Prolonged ticagrelor therapy has also been shown to reduce the rate of major cardiovascular events in patients with a history of MI, regardless of stenting history and stent type, as well as the risk of ST in patients with stents.18 In the DAPT4 and the PEGASUS-TIMI 5413 trials, the benefit in the reduced risk of ischaemic events was accompanied by an increase of Global Use of Strategies to Open Occluded Arteries (GUSTO)-defined moderate/severe bleeding and TIMI major bleeding, respectively. Furthermore, in the DAPT trial a higher mortality rate was observed in patients treated with prolonged DAPT compared with placebo.4 The increased non-cardiac mortality rate with extended DAPT is of uncertain significance and may be explained by an imbalance in the number of patients with cancer diagnosed before the enrolment, reflected in the higher incidence of cancer-related death observed in the prolonged-DAPT group.
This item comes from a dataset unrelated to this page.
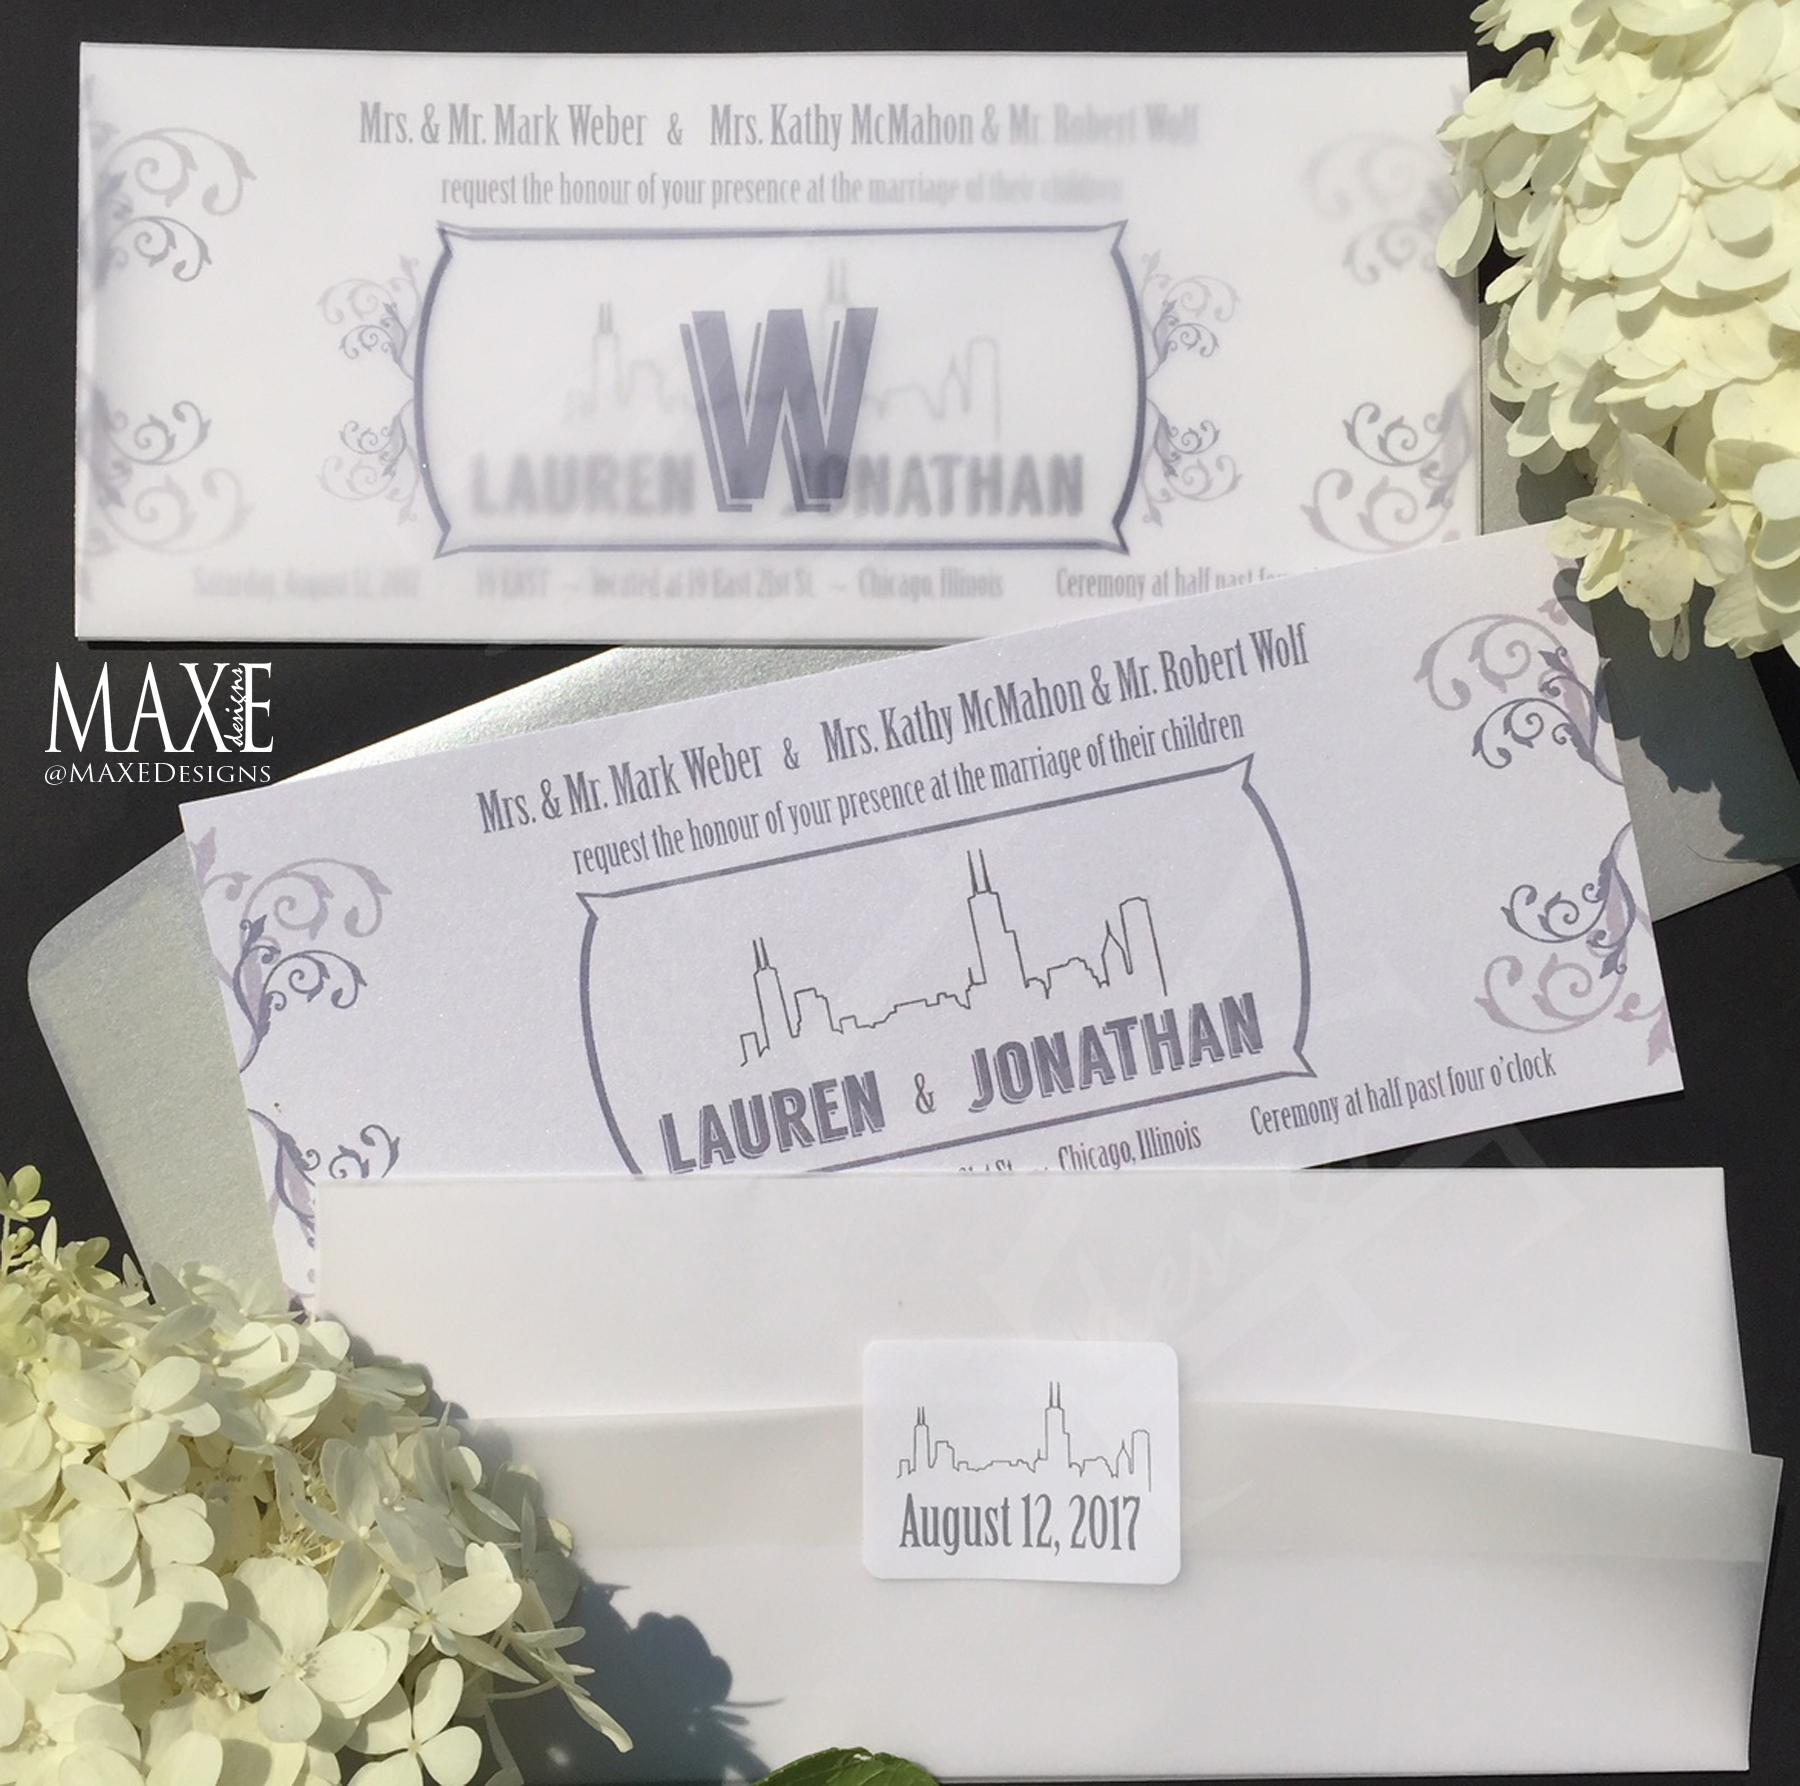 Lauren & Jon MAXE Designs.jpg
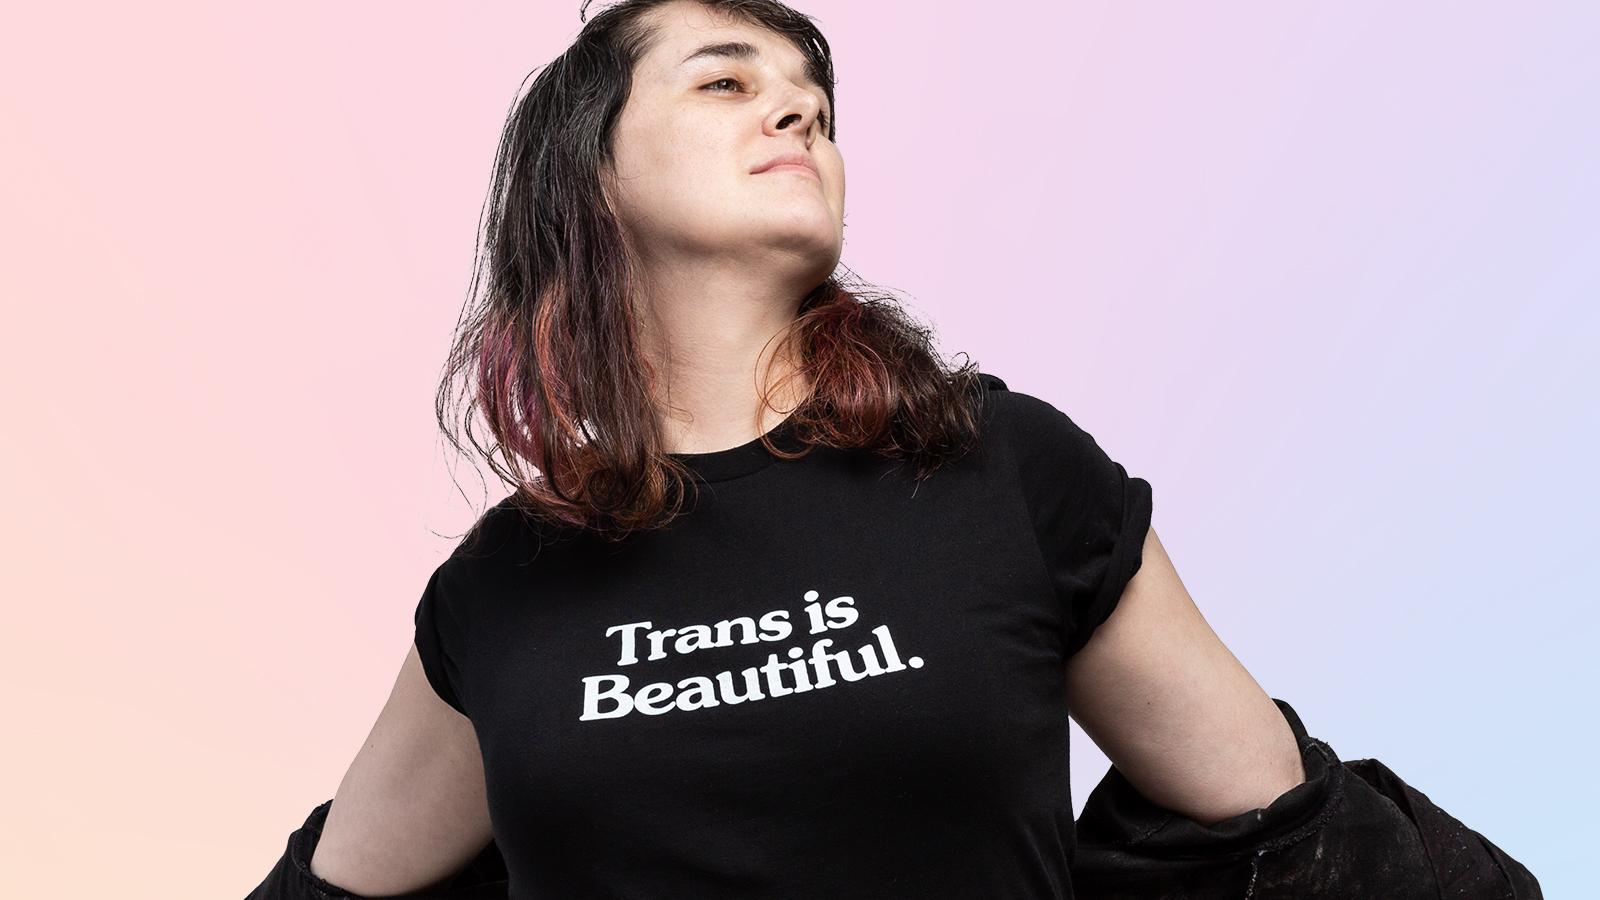 Trans is Beautiful Tee in black

Consistent with the findings from the DAPT trial on ischaemic outcomes, a post-hoc analysis from the Optimal Dual Antiplatelet Therapy (OPTIDUAL) trial, showed that in patients at low risk of bleeding who underwent DES implantation, there was a trend toward fewer ischaemic events in the group randomised to prolonged (up to 48 months) DAPT therapy with clopidogrel, compared with those who stopped clopidogrel at 12 months, without increased risk of major bleeding.19

Balancing the Risks of Bleeding and Ischaemic Events

Overall, these observations suggest that a 12-month DAPT period does not represent the optimal duration for all patients undergoing a DES implantation, and that the evaluation of DAPT duration should be tailored individually, considering both the bleeding and ischaemic events risk profiles of the patient.15 Individuals at low ischaemic risk, such as patients without ACS who are undergoing PCI, particularly if at high bleeding risk, may be suitable for shortened periods of DAPT, whereas prolonged DAPT (>12 months) could be of more benefit for selected patients without significant bleeding risk or at high ischemic risk, such as patients with previous MI, particularly if presenting with additional cardiovascular risk factors or recurrent ischaemic events. The risk stratification is therefore a crucial step in the decision making regarding DAPT duration. Recently, the DAPT risk score has been presented; this is the first risk score with the advantage of simultaneously assessing both the bleeding and ischaemic risk, thus identifying patients who are likely to derive harm or benefit from prolonged DAPT.20 However, this score was demonstrated in a population free of major bleeding or ischaemic events in the 12-month period of DAPT and should also be validated in other datasets.

Conclusion

To further help clinicians in balancing ischaemic and bleeding risks it is necessary to carry out additional studies, as well as exploring secondary analyses of the most recent trials, to individualise the subgroups of patients that derive the greatest benefit from DAPT prolongation. Until then, clinicians should follow a personalised approach, with an ongoing risk–benefit assessment, rather than a standardised approach.